> [WORK INSTRUCTIONS]:
In the entries below, find the line with "How To Remove" and the line with "American Taylor Townsend"; copy them and every line between them exactly, but not the pictures.

> [INPUT MATERIAL]:

┏━━

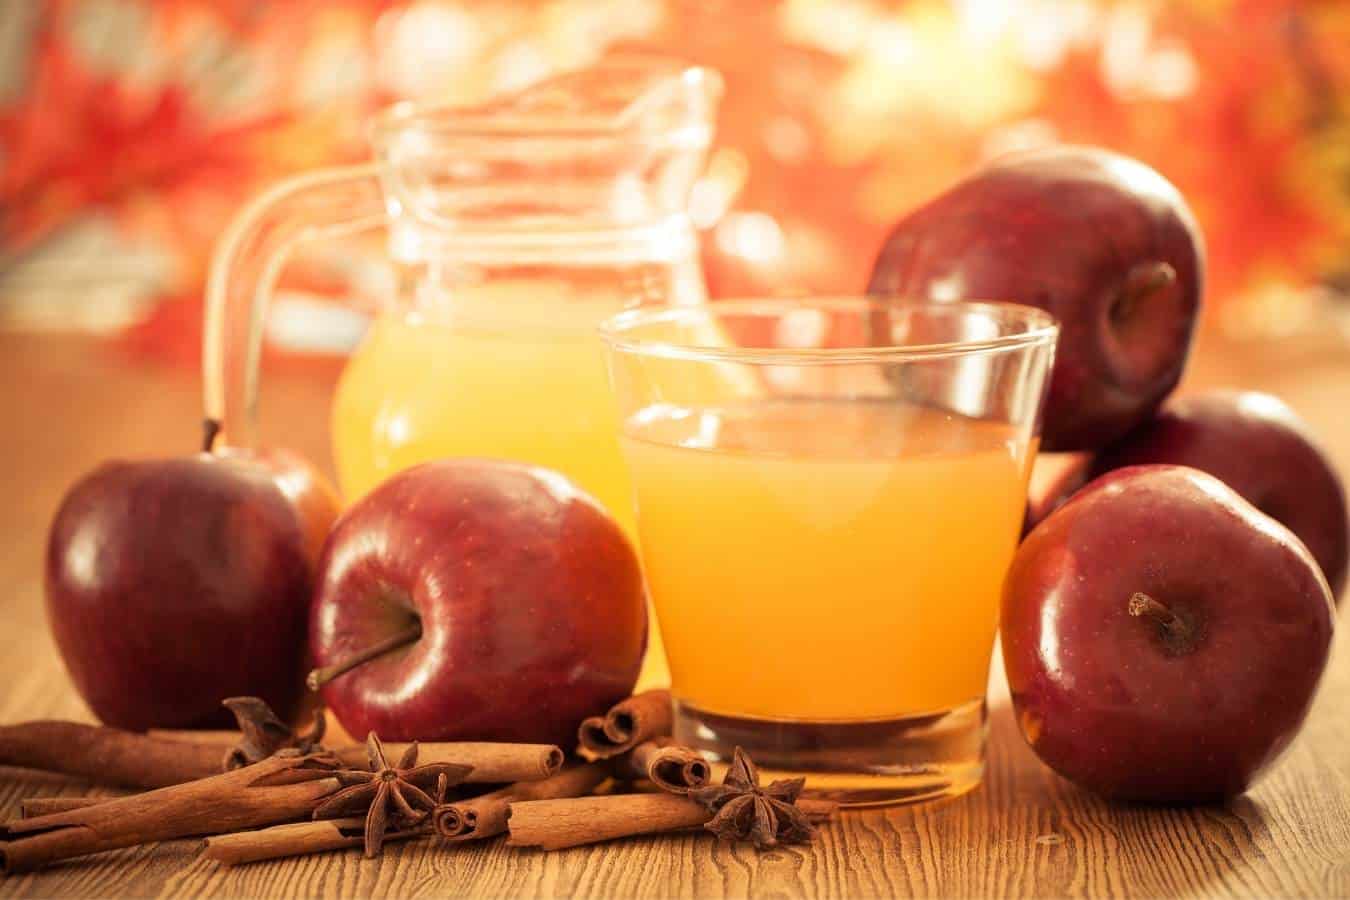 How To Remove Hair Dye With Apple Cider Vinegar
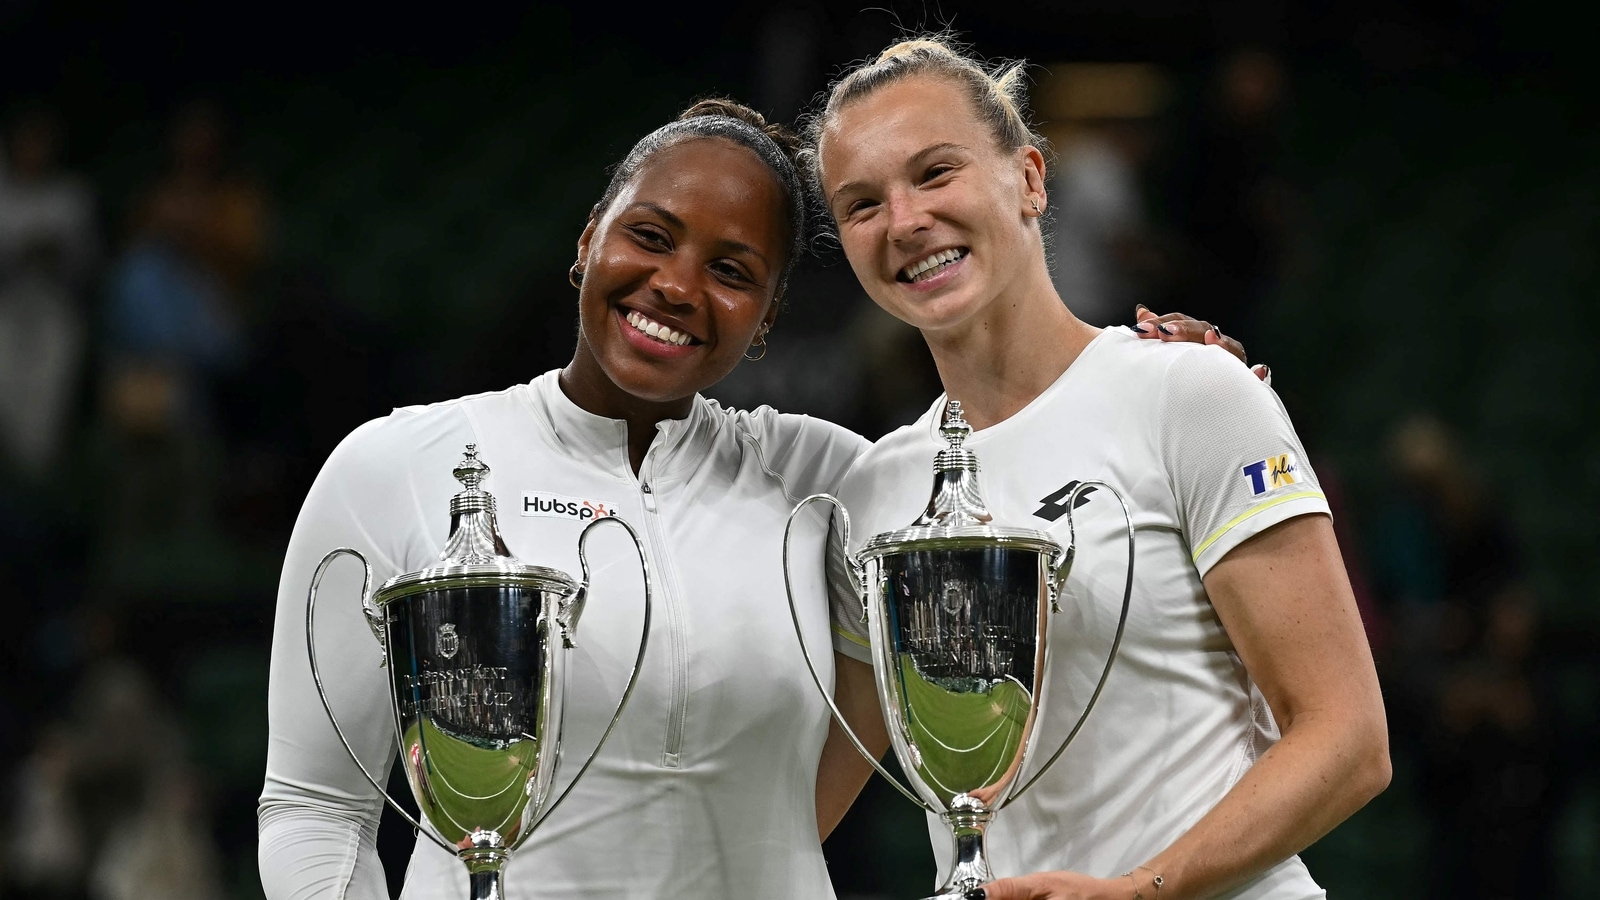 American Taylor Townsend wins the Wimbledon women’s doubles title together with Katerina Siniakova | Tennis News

┗━━
┏━━

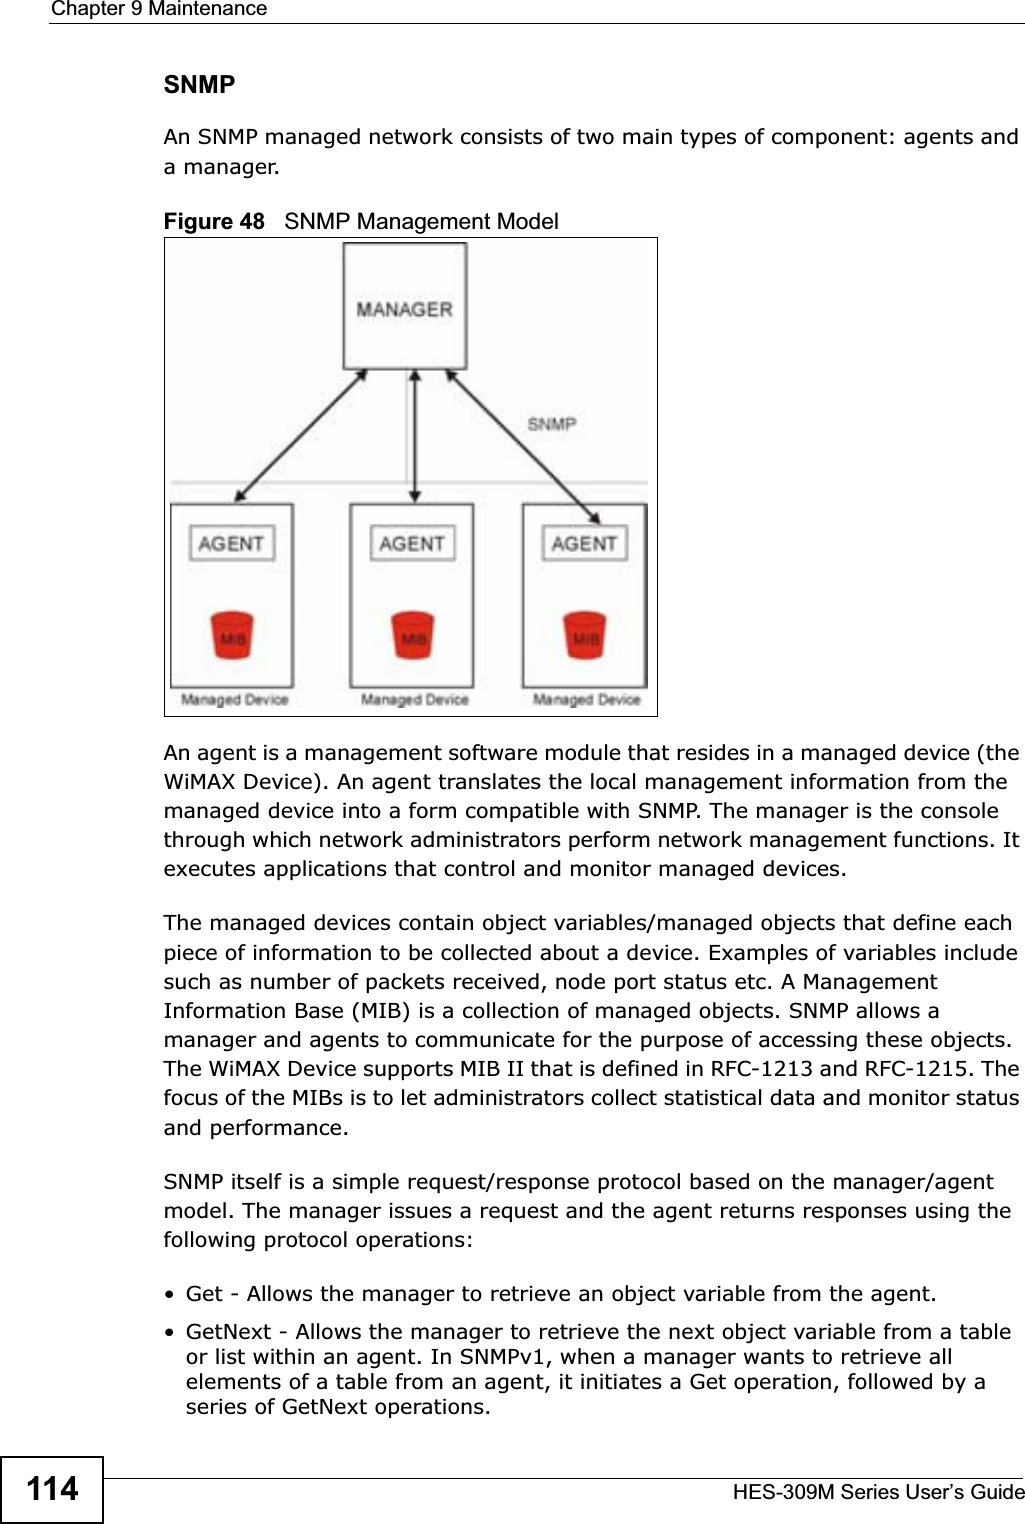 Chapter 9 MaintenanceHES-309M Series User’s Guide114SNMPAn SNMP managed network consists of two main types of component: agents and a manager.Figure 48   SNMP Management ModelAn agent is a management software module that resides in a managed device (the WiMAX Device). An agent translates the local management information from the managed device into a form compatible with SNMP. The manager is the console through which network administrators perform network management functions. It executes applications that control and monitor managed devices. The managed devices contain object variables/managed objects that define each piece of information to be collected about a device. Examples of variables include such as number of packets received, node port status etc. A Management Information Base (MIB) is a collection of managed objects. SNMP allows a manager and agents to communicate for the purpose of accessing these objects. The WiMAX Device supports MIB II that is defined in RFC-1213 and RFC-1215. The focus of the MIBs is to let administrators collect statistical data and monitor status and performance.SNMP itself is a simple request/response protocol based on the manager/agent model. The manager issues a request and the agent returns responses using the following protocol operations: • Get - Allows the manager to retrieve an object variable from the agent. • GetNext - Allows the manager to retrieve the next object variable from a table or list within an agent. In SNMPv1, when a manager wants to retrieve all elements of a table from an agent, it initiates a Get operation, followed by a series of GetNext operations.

┗━━
┏━━

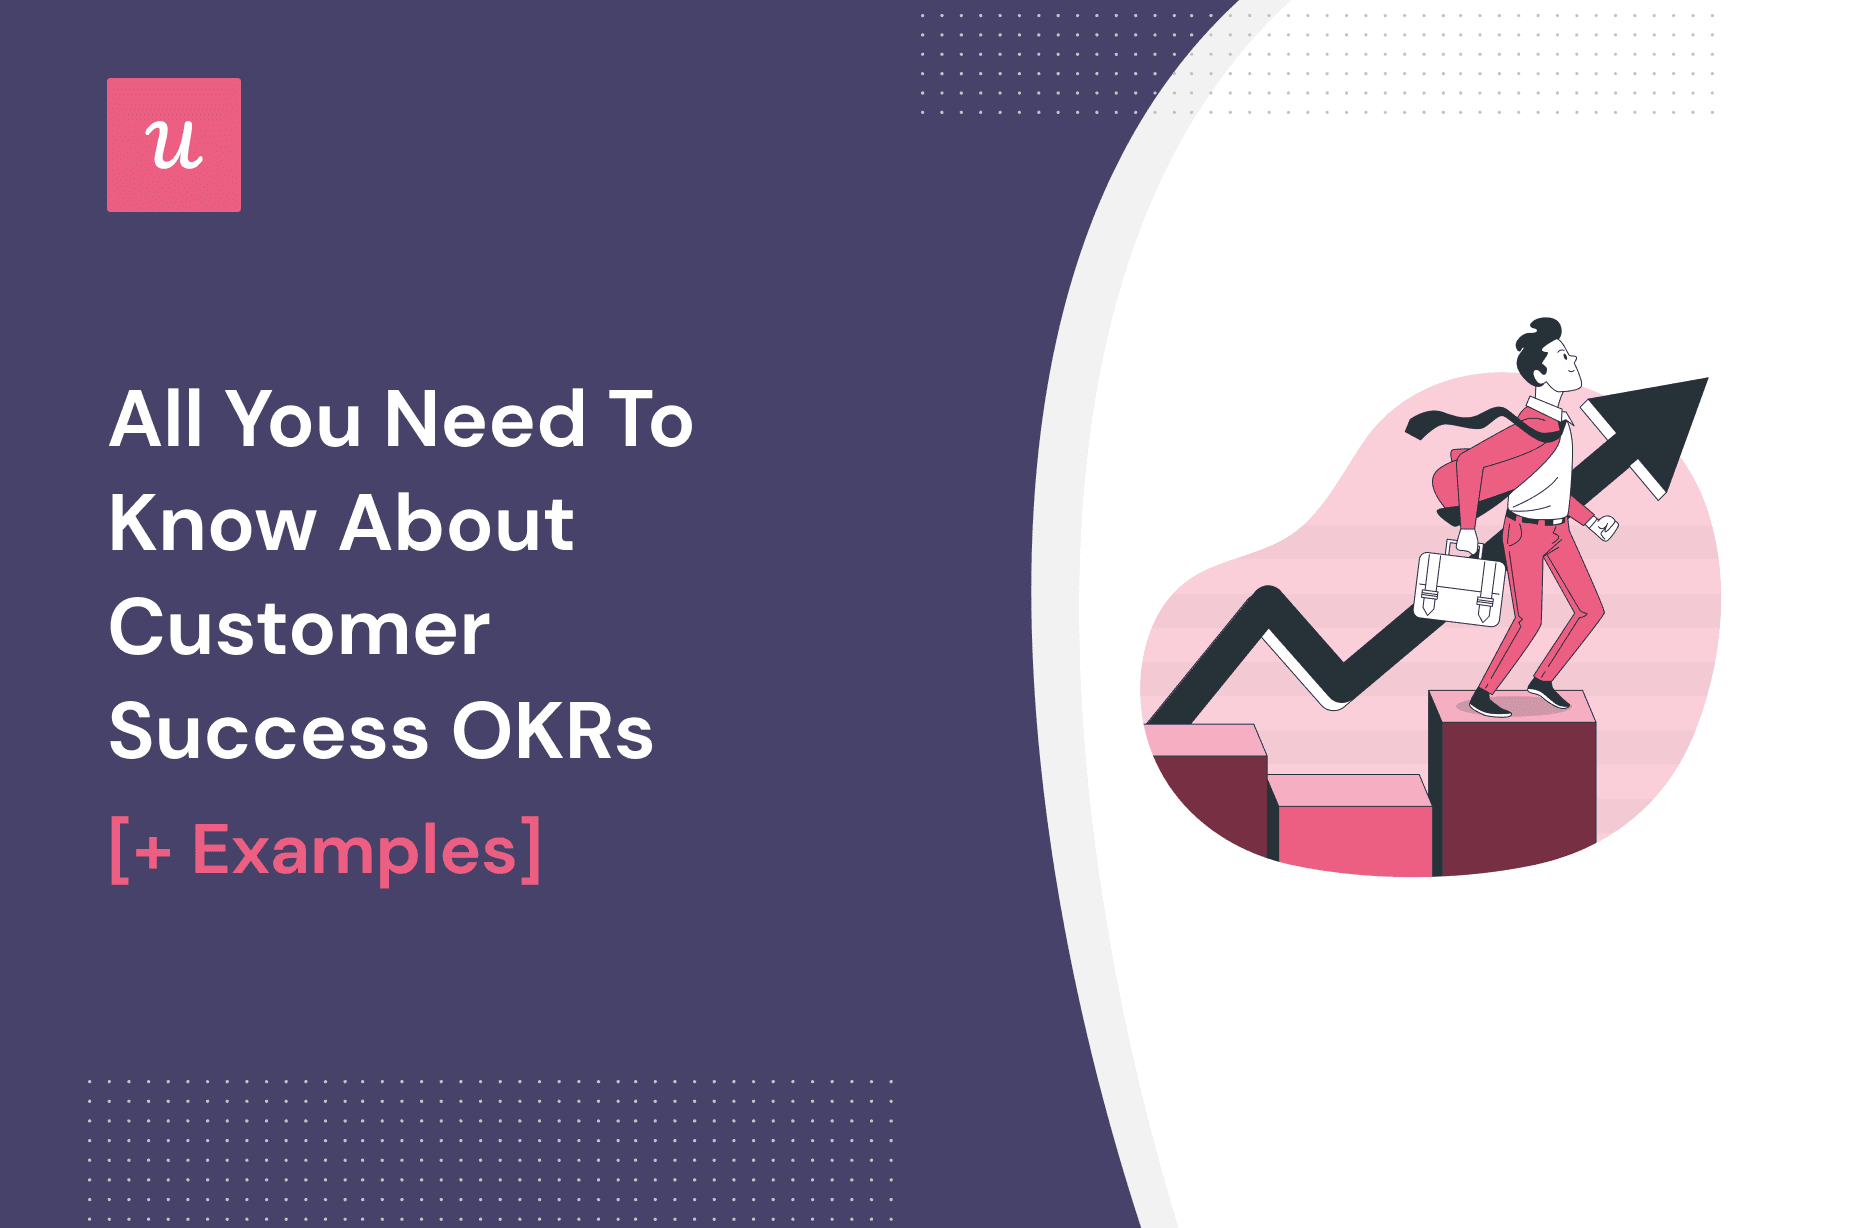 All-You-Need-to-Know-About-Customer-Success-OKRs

┗━━

> [SOLVED PROBLEM]:
 How To Remove Hair Dye With Apple Cider Vinegar
 American Taylor Townsend wins the Wimbledon women’s doubles title together with Katerina Siniakova | Tennis News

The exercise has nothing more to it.